18.2 In light of the fact and circumstances of present case learned Labour Court's final decision to award lump sum compensation is just and reasonable and it cannot be faulted. 18.3 From the award it appears that the learned Labour Court has taken into account the length of service of the claimant and the salary which was paid to the claimant at the relevant time and on that basis learned Labour Court quantified lump sum compensation. When the amount quantified by learned Labour Court is examined in light of total tenure of claimant's service and salary which he was paid at the relevant time, amount of compensation, by any yardstick cannot be said to be inadequate. 19. In light of the foregoing discussion and for the reason mentioned and discussed above it has emerged that there is no justification to interfere with the final conclusion and direction by the learned labour Court i.e. to award lump sum compensation instead of reinstatement and backwages as well as final conclusion with regard to quantum of lump sum compensation. 19.1 The amount which is awarded by learned Labour Court i.e.
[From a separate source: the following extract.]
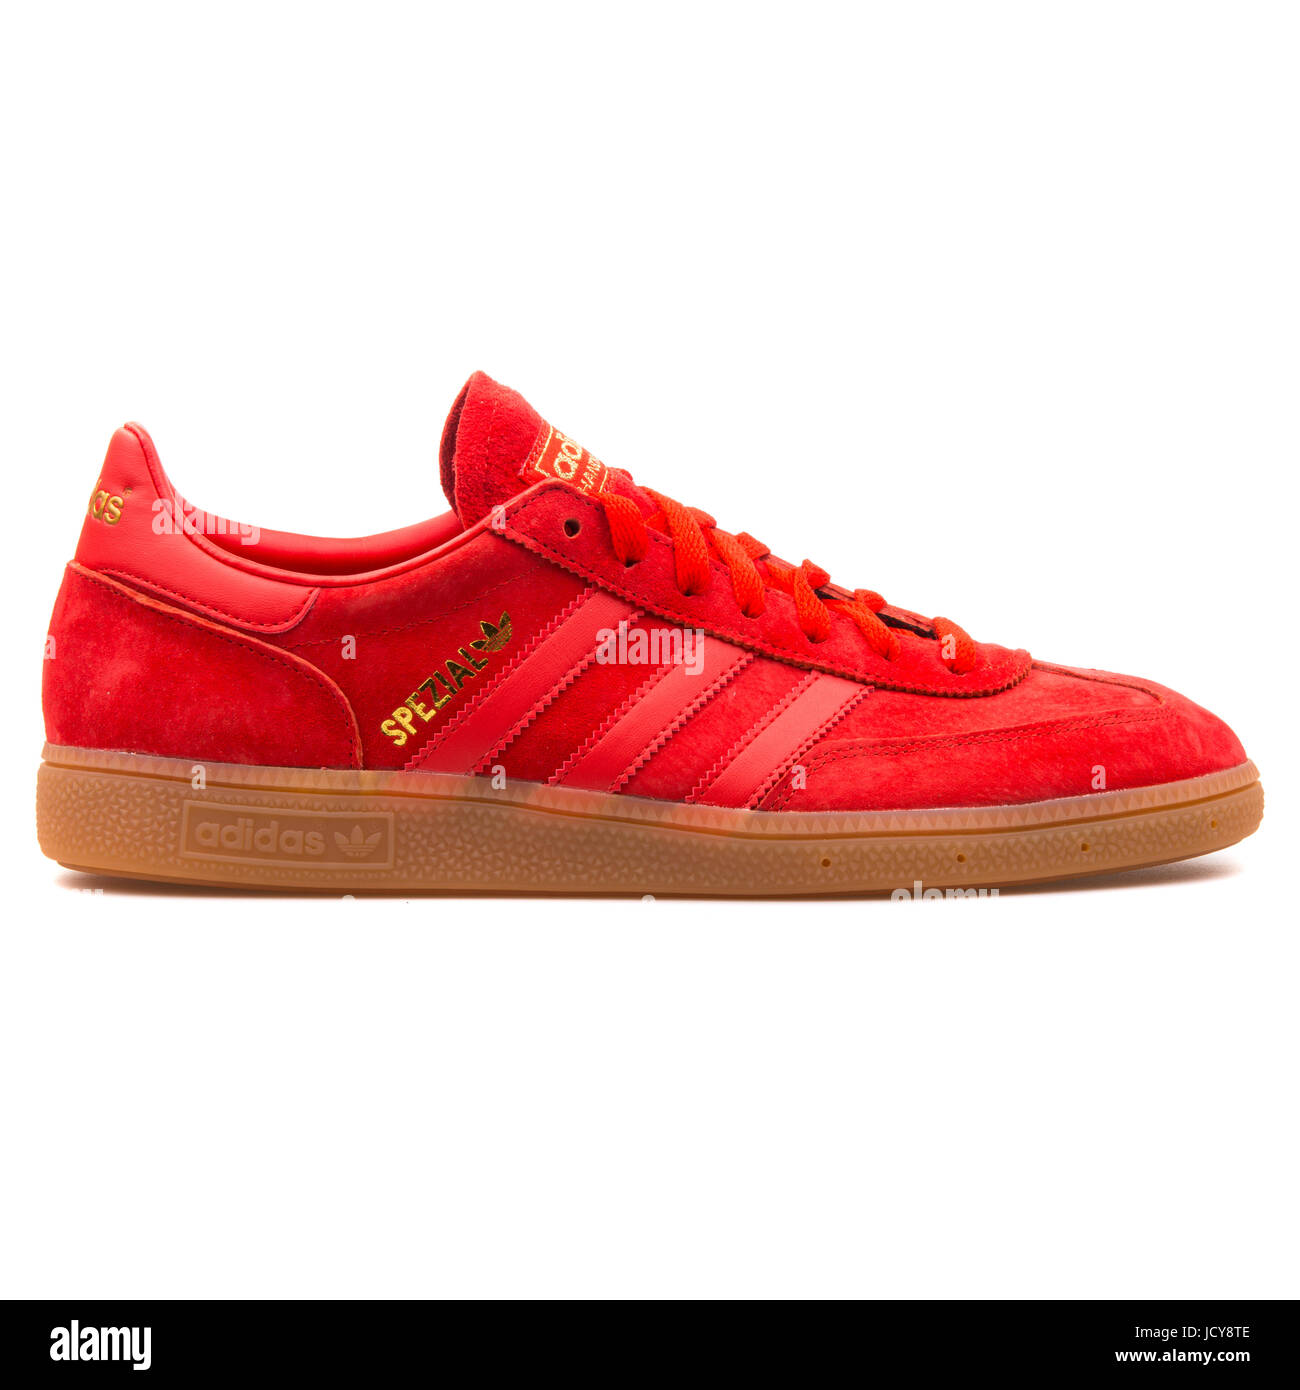 Adidas Spezial Hommes rouge de chaussures de sport - B35209 Photo Stock -  Alamy
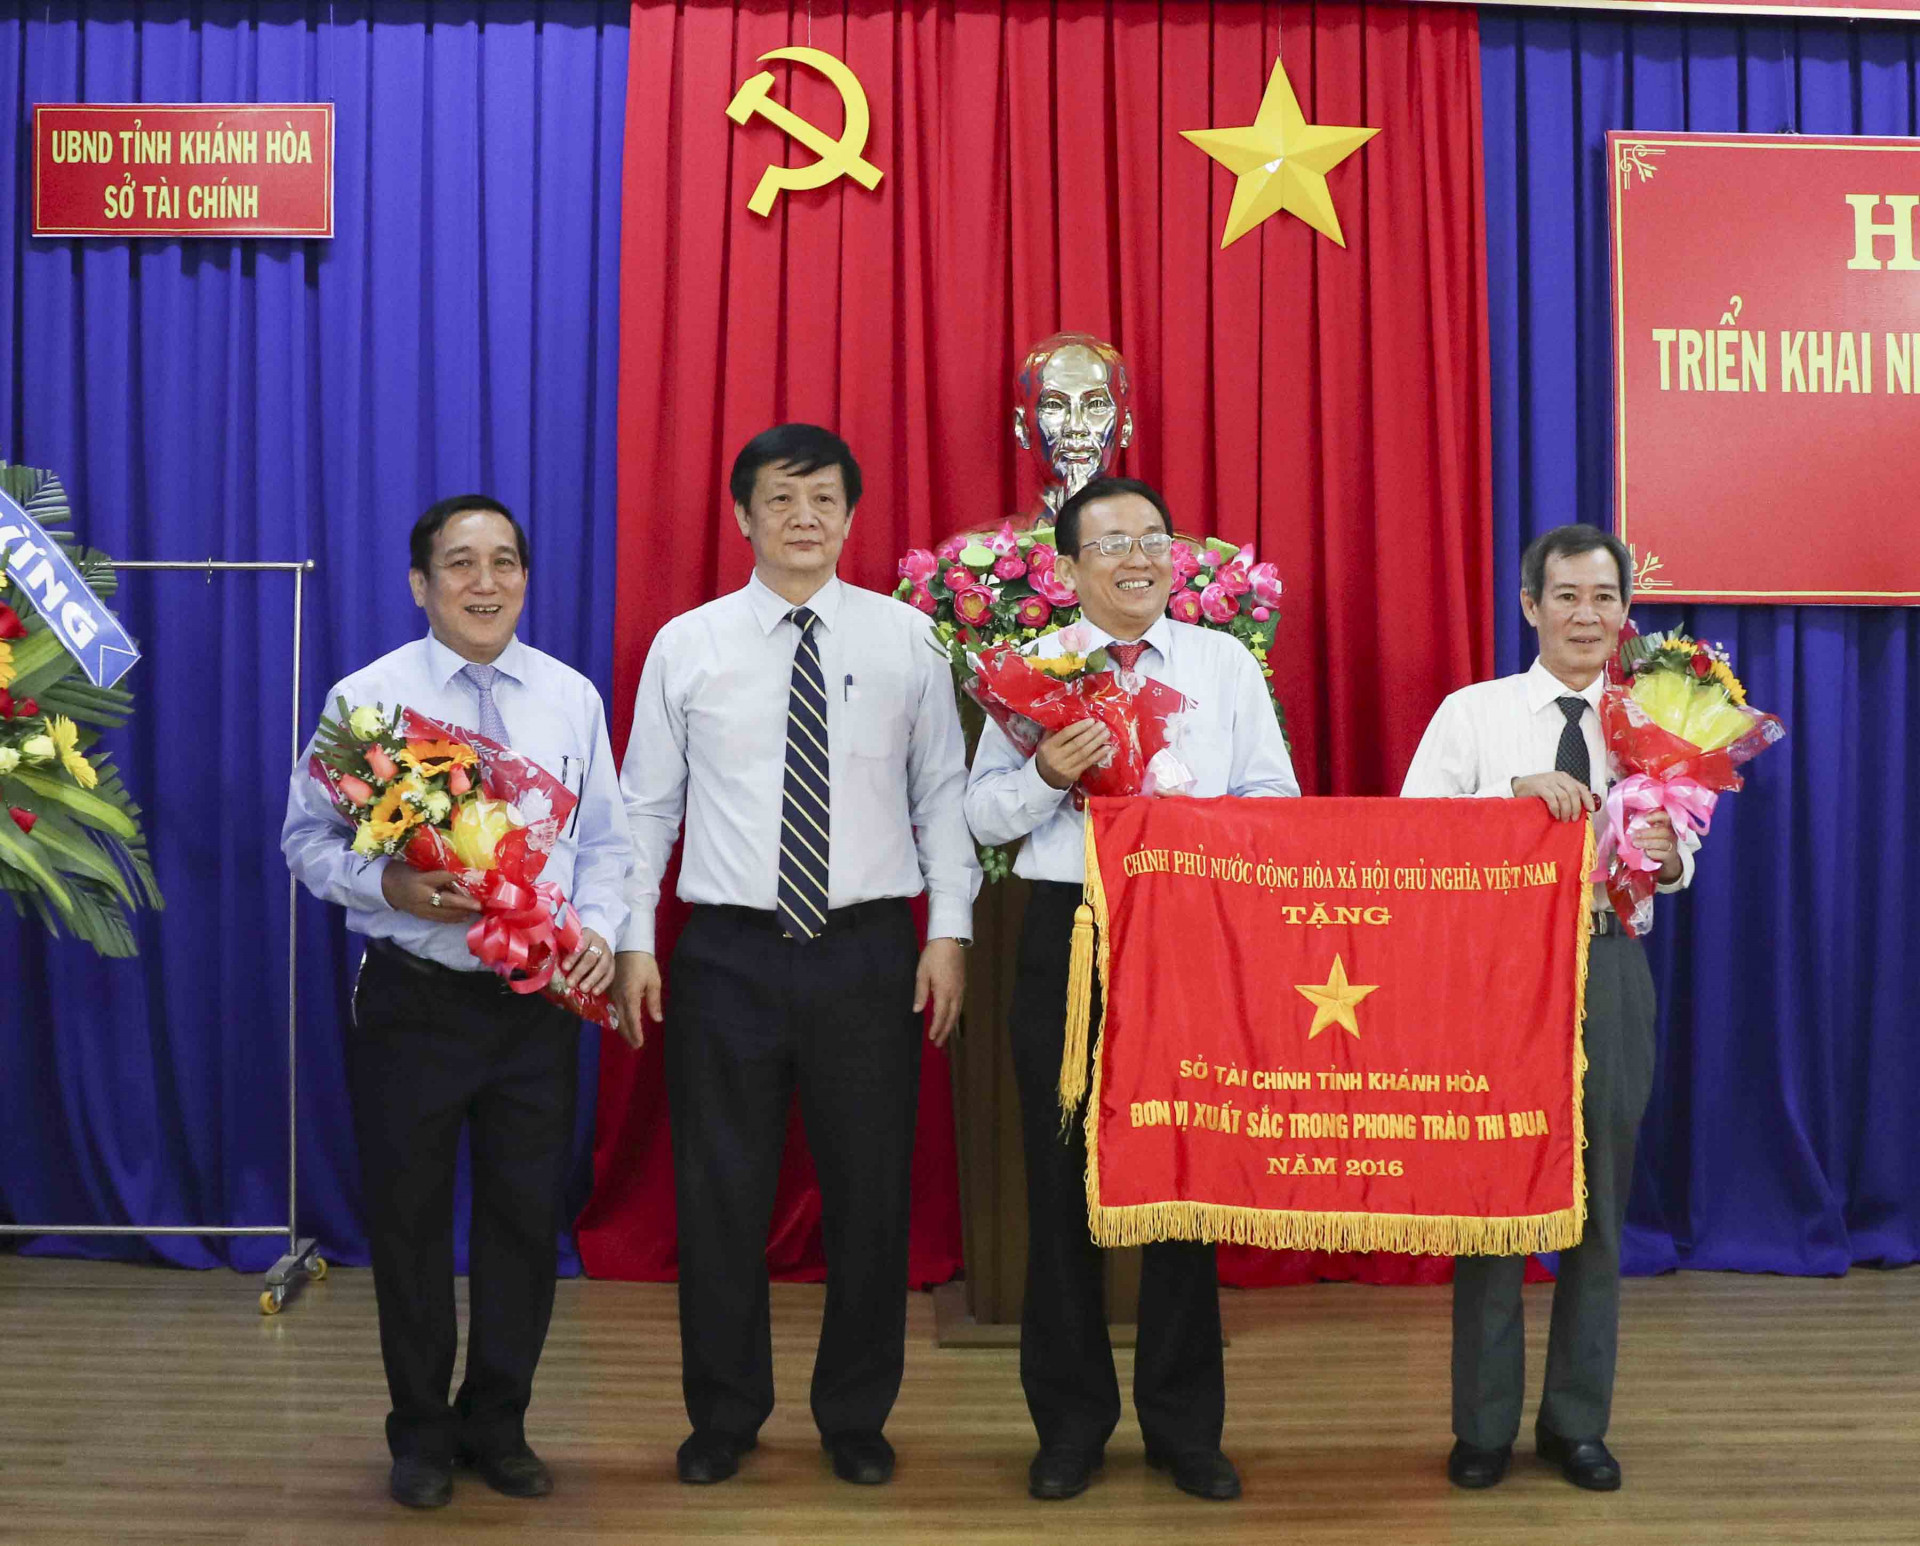 Được sự ủy quyền của Thủ tướng Chính phủ, ông Trần Sơn Hải trao cờ thi đua của Chính phủ cho Sở Tài chính.

Rs. 50,000/- is eminently justified quantification having regard to the length of claimant's service (viz. only one year) and the claimant's salary at the relevant time (i.e. Rs. 750/- per month). 20. Under the circumstances there is no justification to disturb the impugned award and final conclusion and decision by the learned Labour Court. 20.1 Therefore, the petition filed by the municipality and petition filed by the claimant do not deserve to be entertained. Consequently Special Civil application No. 50 of 2007 and Special Civil Application No. 8780 of 2007 are not accepted and the same are rejected. Rule is discharged in both the petitions. Ad-interim/interim relief, if any, stands vacated forthwith. Orders accordingly.